A unique social order developed in New England, an area that included the colonies of Massachusetts, Connecticut, Rhode Island, and New Hampshire. English Puritans (see Puritanism), who were members of a radical Protestant sect that followed the teachings of the Swiss theologian John Calvin, settled the region between 1620 and 1640, seeking freedom from religious persecution. A century later the descendants of these first settlers formed the overwhelming majority of the population and made New England the most culturally and religiously homogeneous of the three colonial regions. Because of its cold climate and rocky soils, New England was also the poorest region. Unlike the other regions of North America, its farms could not grow valuable export crops to ship to markets in Europe.

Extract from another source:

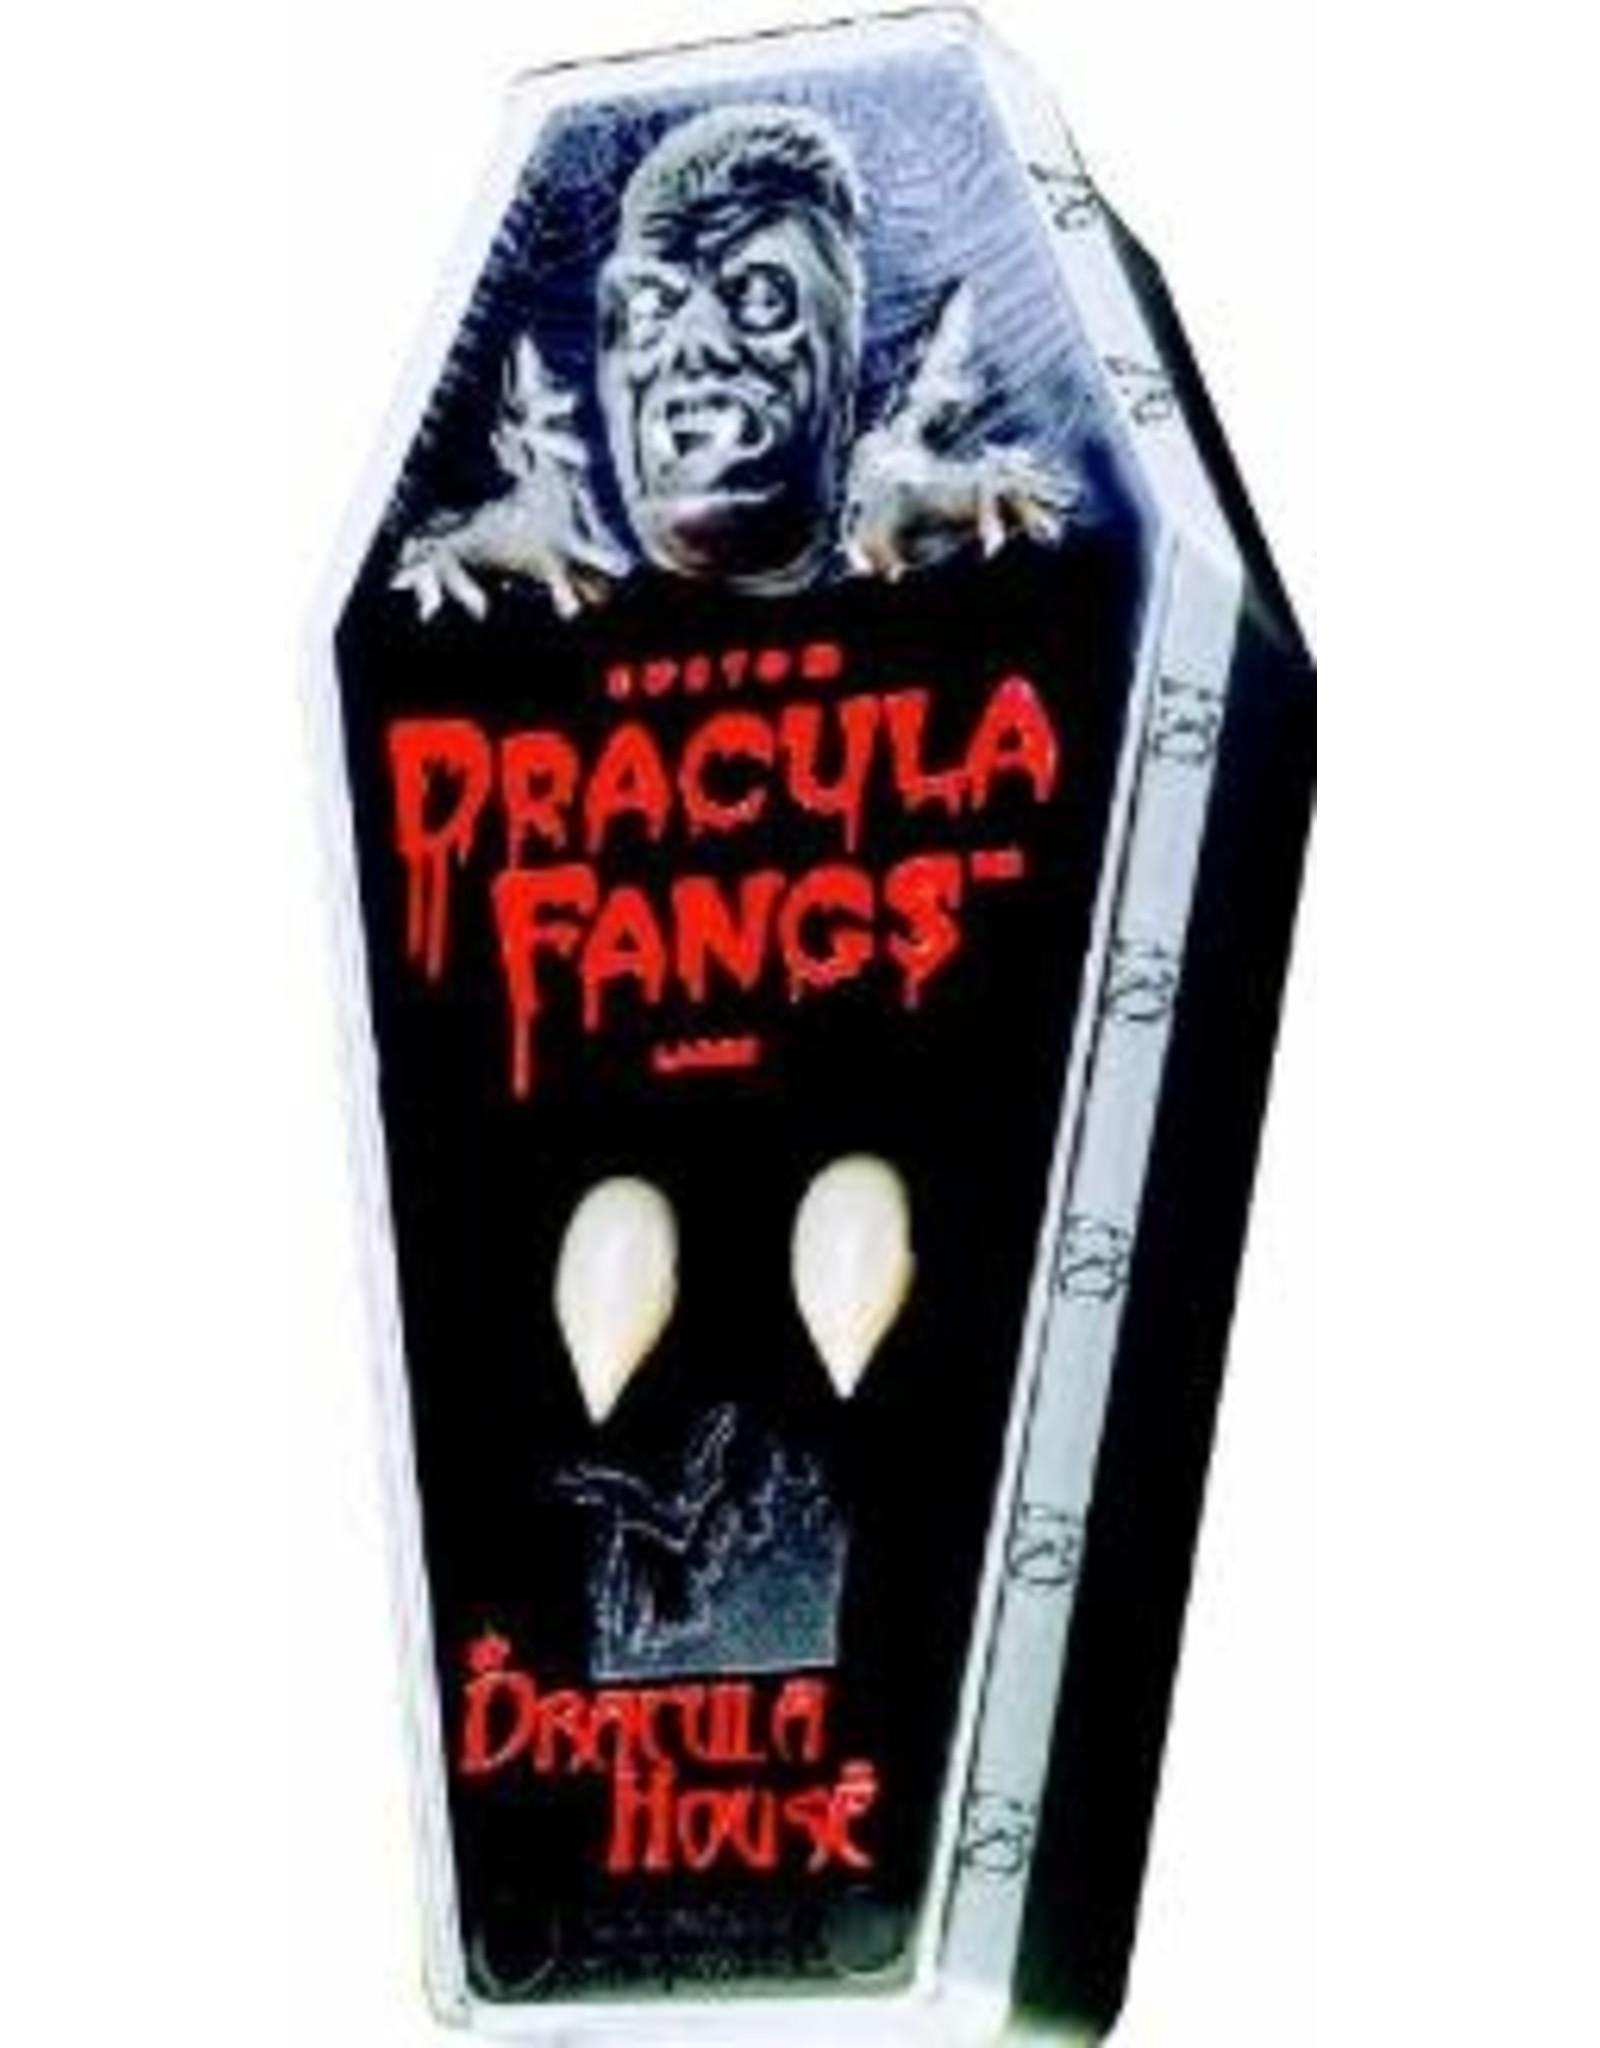 Foothills Fangs Dracula Fangs

A very different society developed in the so-called mid-Atlantic colonies of Pennsylvania (which at that time also included Delaware), New York, and New Jersey. Immigrants from England and Wales who were members of the religious Society of Friends (more commonly known as Quakers) initially settled in Pennsylvania and parts of New Jersey, while Dutch settlers founded what would become New York and formed a majority of its population until 1700. After 1700 all of the mid-Atlantic colonies received tens of thousands of German and Scots-Irish immigrants and lesser numbers of French Protestants (Huguenots) and Irish Catholics. Thus, by 1750 many of the inhabitants of the mid-Atlantic colonies differed from one another in language and culture. Differences in ethnicity and religion—not homogeneity, as in New England—were the most striking features of the mid-Atlantic colonies.

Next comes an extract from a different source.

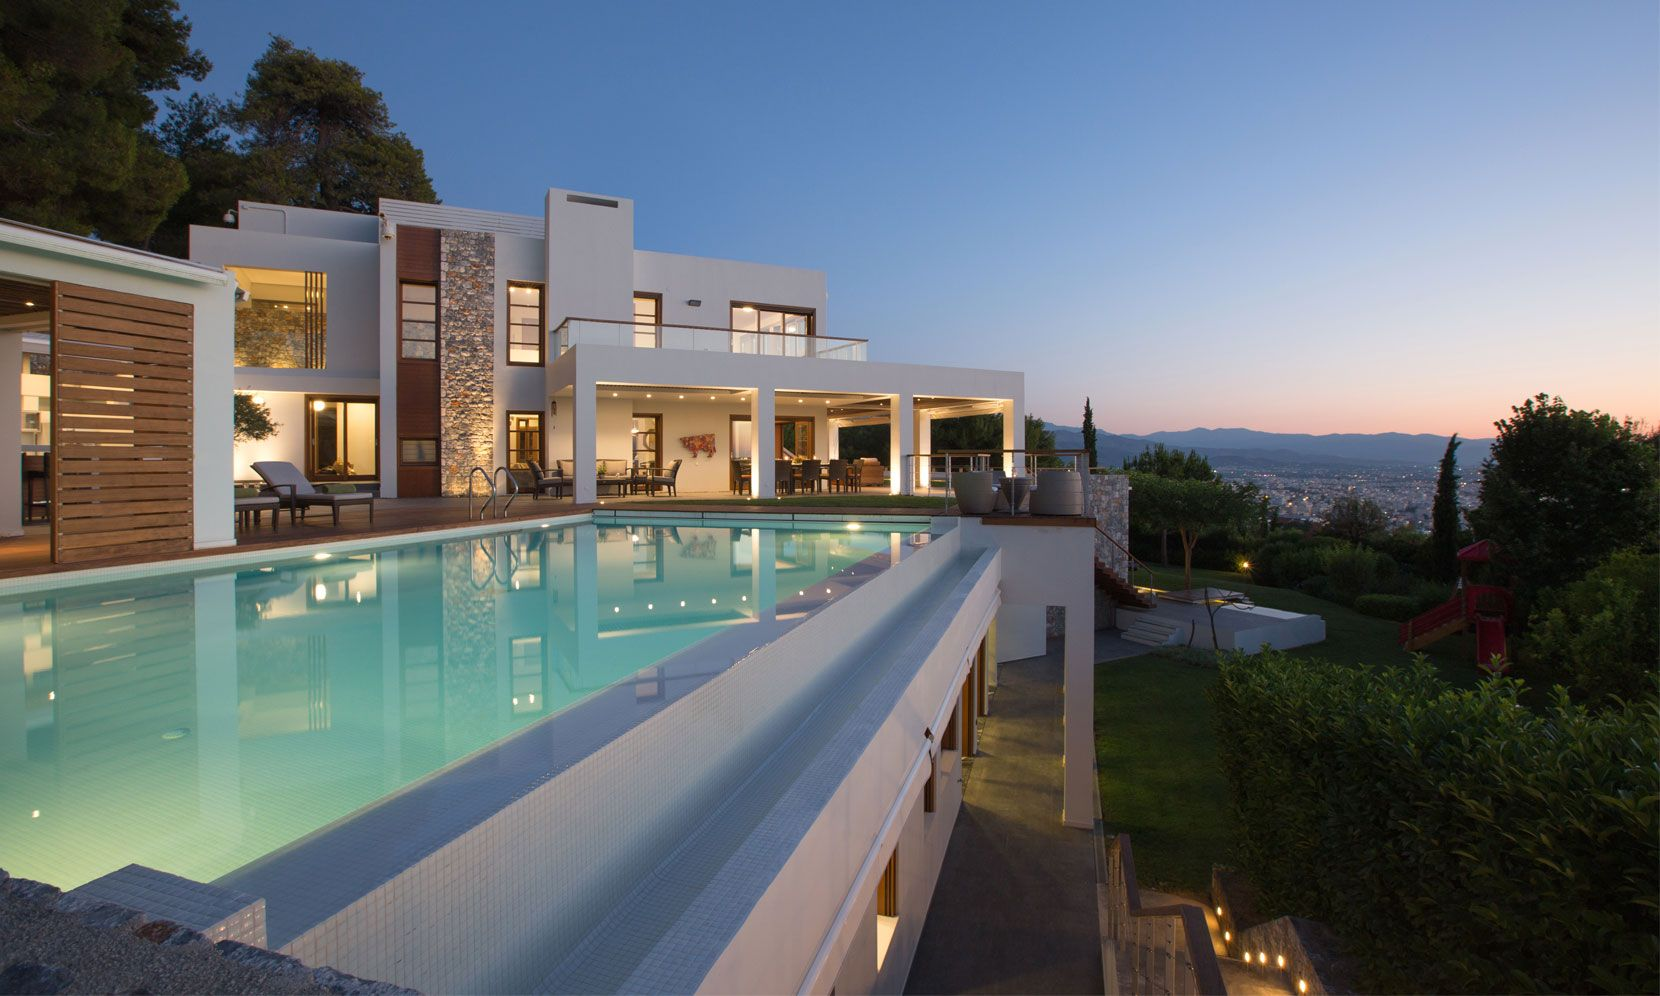 Crete Villa Lancea jumbotron image

The English settlers in the South—the colonies of Virginia, Maryland, North and South Carolina, and Georgia—came to North America looking primarily for economic gain. These immigrants took advantage of the region’s mild climate, which permitted the cultivation of many crops, and they established large plantations to produce tobacco and rice for export to markets in Europe. The wealthy planters who dominated the early settlements initially imported English indentured servants, who worked the planters’ lands for a specified period of time in return for their passage from England. After 1670 plantation owners increasingly turned to slave labor from Africa. By 1750 they had brought in so many Africans that the Southern colonies had become slave societies, sharply divided along the lines of race and class.

A

New England: A Society of Yeoman Farmers

As they settled New England, the Puritans created self-governing communities and religious congregations composed of independent landowning farmers, or yeomen, and their families. The Puritan political leadership granted large areas of land to groups of male settlers, known as the proprietors, who then divided the land among themselves. Men of higher social standing usually received larger portions, but every male received enough land to support a family. Equally important, every male had a voice in the town meeting. As the main institution of local government, the town meeting levied taxes, built roads, and elected officials to manage town affairs.

Because of Puritan beliefs that God singled out only a few specific people for salvation, the residents of New England did not automatically become part of the Congregational Church, the church the Puritans founded. Instead, membership was limited to those who could testify convincingly before members of the church that they had experienced religious conversion, or had been saved. Those who had been saved were known as “the elect,” or “Saints,” and they represented less than 40 percent of the New England population. Because of the power wielded by Saints and men of high status, the New England system of landowning and politics was not fully democratic, but it gave ordinary people more autonomy than their ancestors in England had enjoyed.